# Fan Reacts To Fedor Loss



## snakerattle79 (Feb 6, 2008)




----------



## BobbyCooper (Oct 26, 2009)

LOL^^ but he's right!


----------



## leifdawg (Jan 1, 2008)

I was thinkng about that Best of Pride not showing Fedor. Is there a chance that Fedor owns the rights to all his fights?


----------



## Rusko (Feb 4, 2010)

He looks like a ****** but he has valid points, a few.


----------



## osmium (Mar 6, 2007)

Anderson Silva and GSP are much bigger draws than Fedor so I guess people do love guys who dance and lay on people not can kicking fat russians.


----------



## Rusty (Apr 13, 2010)

leifdawg said:


> I was thinkng about that Best of Pride not showing Fedor. Is there a chance that Fedor owns the rights to all his fights?
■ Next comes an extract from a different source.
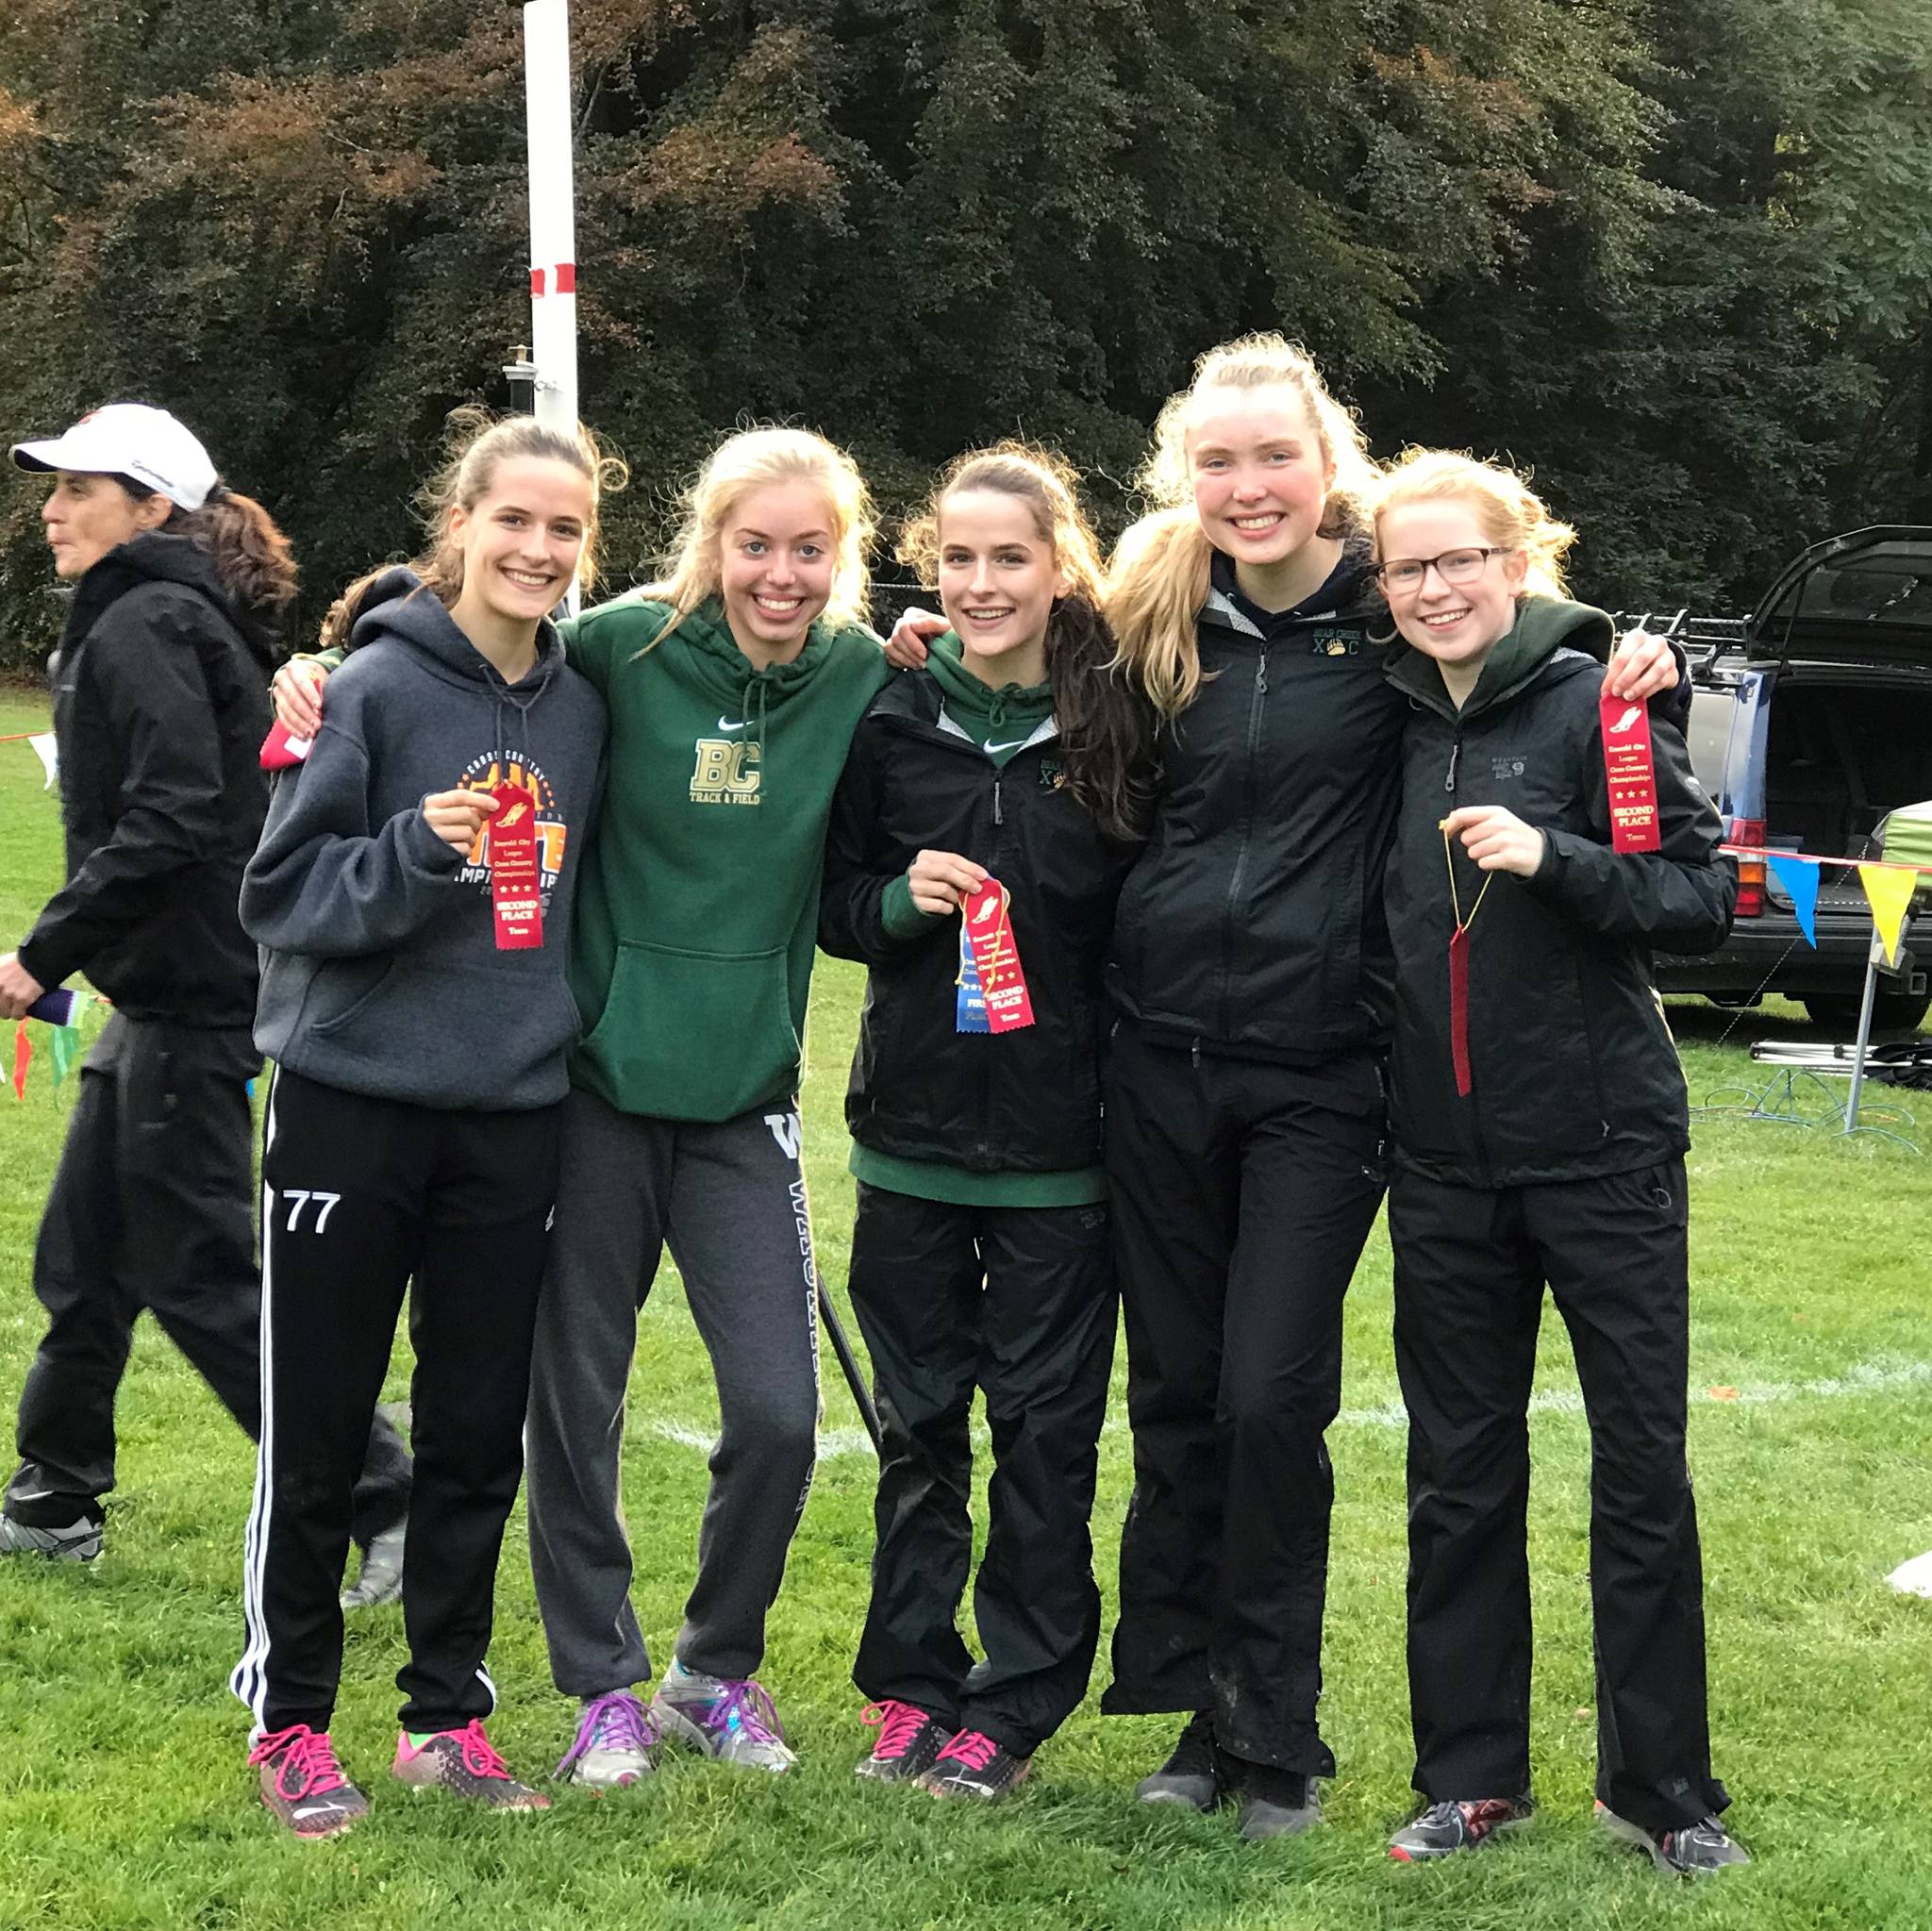 Bear Creek’s girls cross-country team, from left, Olivia Markezich, Tiffany Cowman, Andrea Markezich, Lucy Caile and Jennifer Buckley (not pictured: Meagan Mulligan). Courtesy of Alice Detwiler
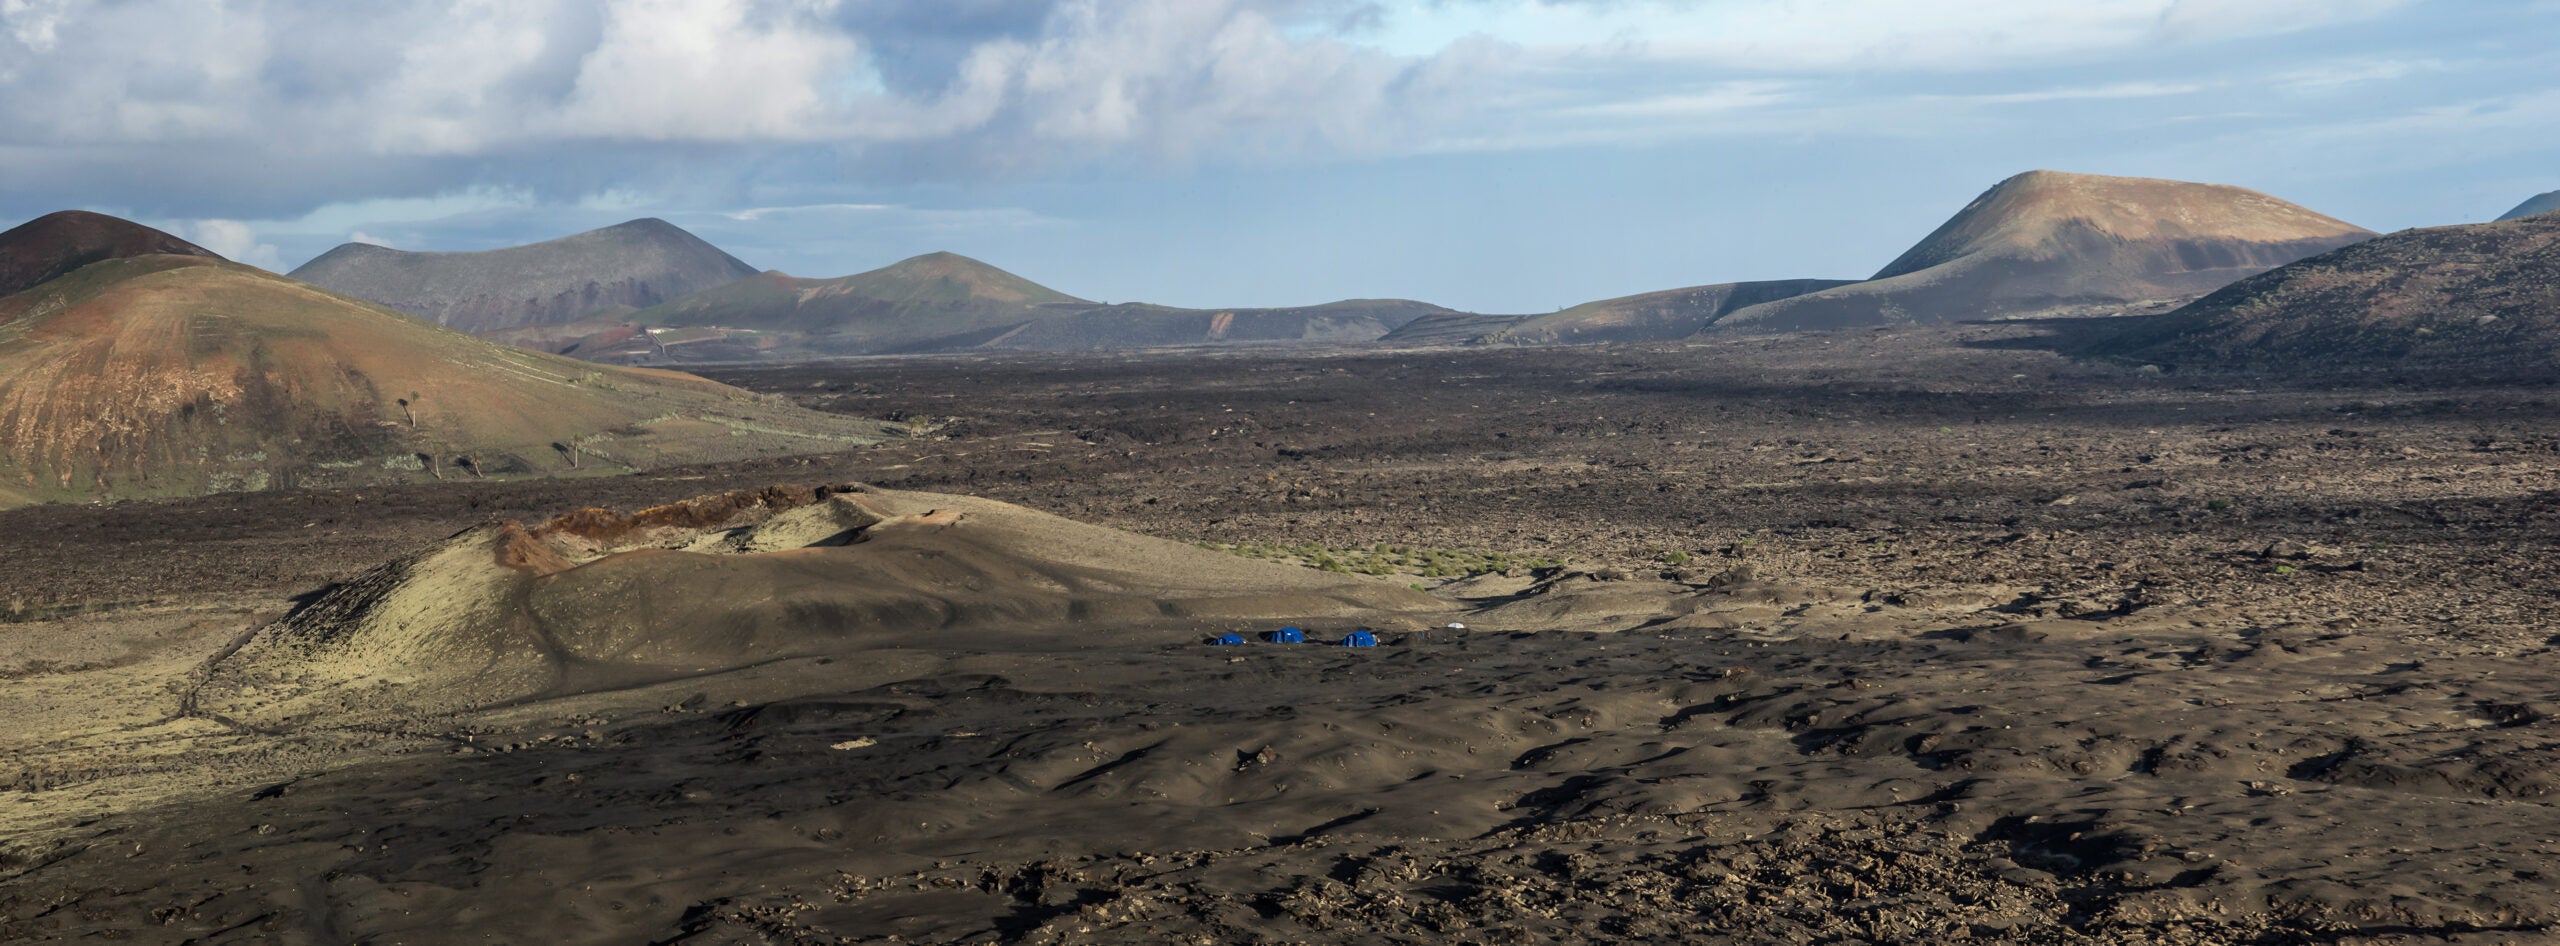 barren landscape of lanzarote in the canary islands

Zuffa purchased everything to do with PRIDE including all fight footage. I lol'd at the guy calling people names when his buddy is wearing a luchador mask. Looks like the guy off of Pulp Fiction really.


----------



## oldfan (Mar 14, 2010)

This guy needs his own show. and definitely keep the masked sidekick. :thumb02:


----------



## ptw (Aug 13, 2009)

So much truth in that vid. I've been saying the 1 fight deal scenario for so long now.


----------



## Bknmax (Mar 16, 2008)

Everything he said is true


----------



## LiteGladiator (Jun 22, 2010)

I can hardly understand what this dude is saying through all of the swearing. This is why I don't like hearing about Fedor, I think Fedor is amazing, he is a good fighter, very respectful, very humble. But his fans drive me insane! They pray to him like he is a god and dis on the UFC and every other fighter that we say is better than him. I don't deny that he is a Top 10 Heavyweight, maybe even Top 5, but he is NOT number 1 anymore. His fans are crazy and they ruin Fedor for me, the people that got PO'd when he lost and I said "Look, I told you that he isn't the best." He got beat by a sub-par heavyweight in a second rate organization. While I do agree that it was a slip, IT HAPPENS! It's the sport of MMA, Fedor is good, he isn't avoiding the UFC because he is scared. Their contract is too exclusive for him, it doesn't let him compete in combat *****, and his managers want a bunch of perks because he is Fedor. He doesn't deserve that, no more than Shane Carwin or Brock Lesnar. He is a normal human being and a good fighter, but he is not god and his fans drive me INSANE!

</rant>


----------



## Bknmax (Mar 16, 2008)

LiteGladiator said:


> I can hardly understand what this dude is saying through all of the swearing. This is why I don't like hearing about Fedor, I think Fedor is amazing, he is a good fighter, very respectful, very humble. But his fans drive me insane! They pray to him like he is a god and dis on the UFC and every other fighter that we say is better than him. I don't deny that he is a Top 10 Heavyweight, maybe even Top 5, but he is NOT number 1 anymore. His fans are crazy and they ruin Fedor for me, the people that got PO'd when he lost and I said "Look, I told you that he isn't the best." He got beat by a sub-par heavyweight in a second rate organization. While I do agree that it was a slip, IT HAPPENS! It's the sport of MMA, Fedor is good, he isn't avoiding the UFC because he is scared. Their contract is too exclusive for him, it doesn't let him compete in combat *****, and his managers want a bunch of perks because he is Fedor. He doesn't deserve that, no more than Shane Carwin or Brock Lesnar. He is a normal human being and a good fighter, but he is not god and his fans drive me INSANE!
> 
> </rant>


Are you referring to the Video? or all Fedor fans? because the guy in the video obviously has that kind of attitude towards anything not just an opinion about Fedor.


----------



## LiteGladiator (Jun 22, 2010)

Bknmax said:


> Are you referring to the Video? or all Fedor fans? because the guy in the video obviously has that kind of attitude towards anything not just an opinion about Fedor.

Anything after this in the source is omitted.